Future research should aim to delineate molecular mechanisms, identify predictive biomarkers for adverse events, and develop guidelines to optimize TRT safety in this high-risk population.
References
- Gagliano-Jucá T, Pencina KM, Shang YV, Travison TG, Lincoff AM, Nissen SE, Artz AS, Li X, Chan A, Patel R, Miller MG, Bhasin S. Association of testosterone-induced increase in neutrophil and monocyte counts with thromboembolic events: The TRAVERSE trial. Am Heart J. 2025 Oct;288:77-88. doi: 10.1016/j.ahj.2025.04.004. PMID: 40246046; PMCID: PMC12145252.

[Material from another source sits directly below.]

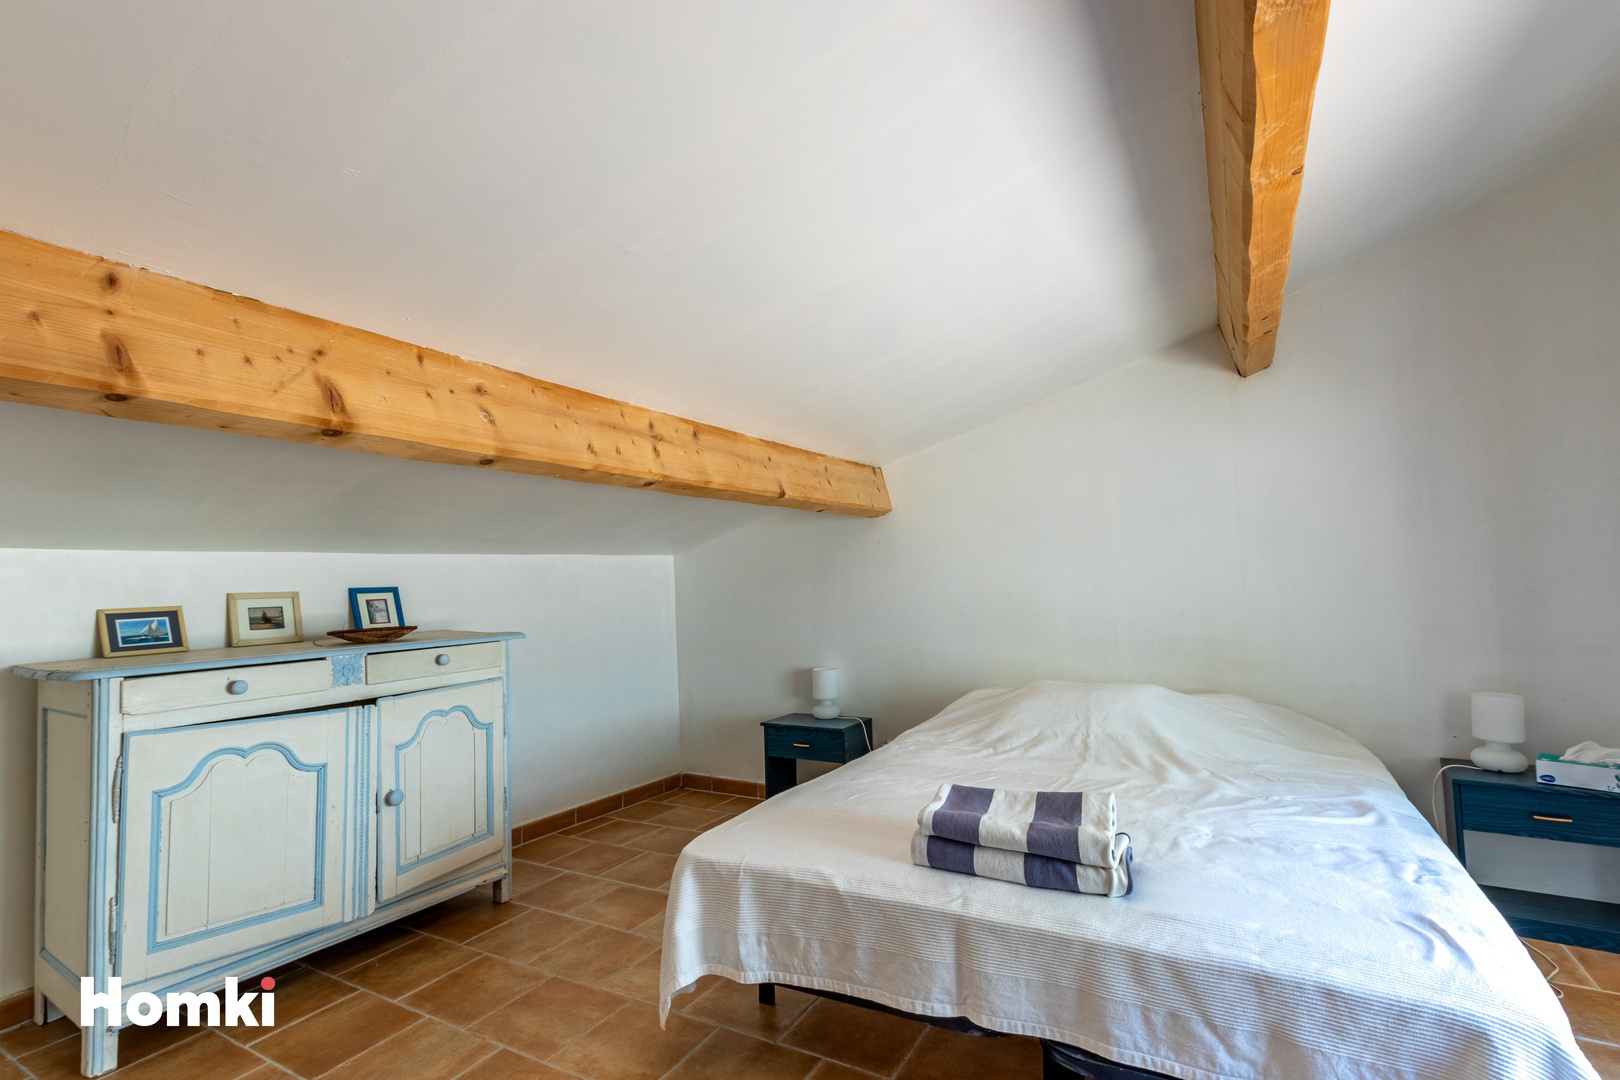 Homki - Vente Maison/villa  de 150.0 m² à Toulon 83200

- Cirillo F, et al. Testosterone replacement therapy can increase circulating endothelial progenitor cell number in men with late onset hypogonadism. Andrology. 2013 Jul;1(4):563-9. doi: 10.1111/j.2047-2927.2013.00086.x. PMID: 23653307.
- Salonen R, et al. Leukocyte counts and risk of cardiovascular disease: A systematic review and meta-analysis. J Clin Atheroscler. 2023;11(2):45-57.
- Traish AM, et al. Testosterone and cardiovascular disease: challenges and controversies. J Endocrinol. 2020;245(1):37-52.